Starting at the top of the entries, restate word for word each line up to and including the one with "Rashid Latif congratulates".

[Saved entries]
▬▬▬▬▬▬▬▬▬▬

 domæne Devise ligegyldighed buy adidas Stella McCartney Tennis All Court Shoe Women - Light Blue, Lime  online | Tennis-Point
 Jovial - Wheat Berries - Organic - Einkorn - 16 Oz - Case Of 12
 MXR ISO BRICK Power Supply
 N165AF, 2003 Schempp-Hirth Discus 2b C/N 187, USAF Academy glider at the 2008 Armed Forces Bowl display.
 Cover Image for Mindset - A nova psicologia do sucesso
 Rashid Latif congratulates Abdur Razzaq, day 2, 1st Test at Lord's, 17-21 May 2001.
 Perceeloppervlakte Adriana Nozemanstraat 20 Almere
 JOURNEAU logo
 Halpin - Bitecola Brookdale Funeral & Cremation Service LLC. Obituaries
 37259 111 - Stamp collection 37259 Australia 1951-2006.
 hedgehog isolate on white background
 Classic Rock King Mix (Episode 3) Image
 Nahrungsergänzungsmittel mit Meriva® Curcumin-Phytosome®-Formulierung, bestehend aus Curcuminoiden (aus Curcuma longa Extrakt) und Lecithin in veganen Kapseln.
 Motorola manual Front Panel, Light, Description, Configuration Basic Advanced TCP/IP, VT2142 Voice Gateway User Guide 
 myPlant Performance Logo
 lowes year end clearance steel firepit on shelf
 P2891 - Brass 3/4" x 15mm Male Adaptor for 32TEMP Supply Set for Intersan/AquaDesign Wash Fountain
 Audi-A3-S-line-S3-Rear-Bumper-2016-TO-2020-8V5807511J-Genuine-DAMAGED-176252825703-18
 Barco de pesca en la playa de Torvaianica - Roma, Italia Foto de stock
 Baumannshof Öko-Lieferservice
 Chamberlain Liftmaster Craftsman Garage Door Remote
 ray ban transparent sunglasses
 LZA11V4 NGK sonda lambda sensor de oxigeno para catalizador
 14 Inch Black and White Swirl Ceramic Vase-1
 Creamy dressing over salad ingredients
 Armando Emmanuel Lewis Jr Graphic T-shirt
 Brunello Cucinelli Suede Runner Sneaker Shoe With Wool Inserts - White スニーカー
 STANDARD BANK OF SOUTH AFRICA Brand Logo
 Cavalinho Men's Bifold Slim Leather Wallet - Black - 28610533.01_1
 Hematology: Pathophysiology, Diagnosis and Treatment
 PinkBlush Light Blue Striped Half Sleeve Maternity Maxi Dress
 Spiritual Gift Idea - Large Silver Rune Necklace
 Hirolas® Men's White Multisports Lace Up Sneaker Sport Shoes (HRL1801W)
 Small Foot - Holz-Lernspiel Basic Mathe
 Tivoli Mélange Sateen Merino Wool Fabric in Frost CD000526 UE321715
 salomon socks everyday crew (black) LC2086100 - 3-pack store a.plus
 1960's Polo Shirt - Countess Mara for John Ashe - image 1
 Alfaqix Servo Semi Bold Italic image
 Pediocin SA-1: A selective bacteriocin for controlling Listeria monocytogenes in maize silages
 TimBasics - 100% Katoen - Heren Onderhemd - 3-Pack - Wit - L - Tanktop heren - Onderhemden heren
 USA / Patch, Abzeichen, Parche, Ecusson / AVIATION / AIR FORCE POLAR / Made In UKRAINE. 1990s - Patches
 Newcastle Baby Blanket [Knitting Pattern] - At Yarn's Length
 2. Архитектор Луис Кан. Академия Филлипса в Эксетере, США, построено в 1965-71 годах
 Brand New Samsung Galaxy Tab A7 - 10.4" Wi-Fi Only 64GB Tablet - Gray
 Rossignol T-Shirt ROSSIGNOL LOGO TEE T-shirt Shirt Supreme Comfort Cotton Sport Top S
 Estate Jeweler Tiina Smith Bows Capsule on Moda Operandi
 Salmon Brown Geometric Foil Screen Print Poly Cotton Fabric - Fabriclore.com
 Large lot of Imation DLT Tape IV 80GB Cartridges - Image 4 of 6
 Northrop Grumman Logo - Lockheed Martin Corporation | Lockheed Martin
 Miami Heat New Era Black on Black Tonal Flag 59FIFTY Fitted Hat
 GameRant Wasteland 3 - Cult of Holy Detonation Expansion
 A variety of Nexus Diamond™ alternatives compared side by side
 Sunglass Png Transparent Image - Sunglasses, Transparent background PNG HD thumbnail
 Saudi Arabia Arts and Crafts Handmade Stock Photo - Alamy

▬▬▬▬▬▬▬▬▬▬

SOLUTION TO THIS TASK -
 domæne Devise ligegyldighed buy adidas Stella McCartney Tennis All Court Shoe Women - Light Blue, Lime  online | Tennis-Point
 Jovial - Wheat Berries - Organic - Einkorn - 16 Oz - Case Of 12
 MXR ISO BRICK Power Supply
 N165AF, 2003 Schempp-Hirth Discus 2b C/N 187, USAF Academy glider at the 2008 Armed Forces Bowl display.
 Cover Image for Mindset - A nova psicologia do sucesso
 Rashid Latif congratulates Abdur Razzaq, day 2, 1st Test at Lord's, 17-21 May 2001.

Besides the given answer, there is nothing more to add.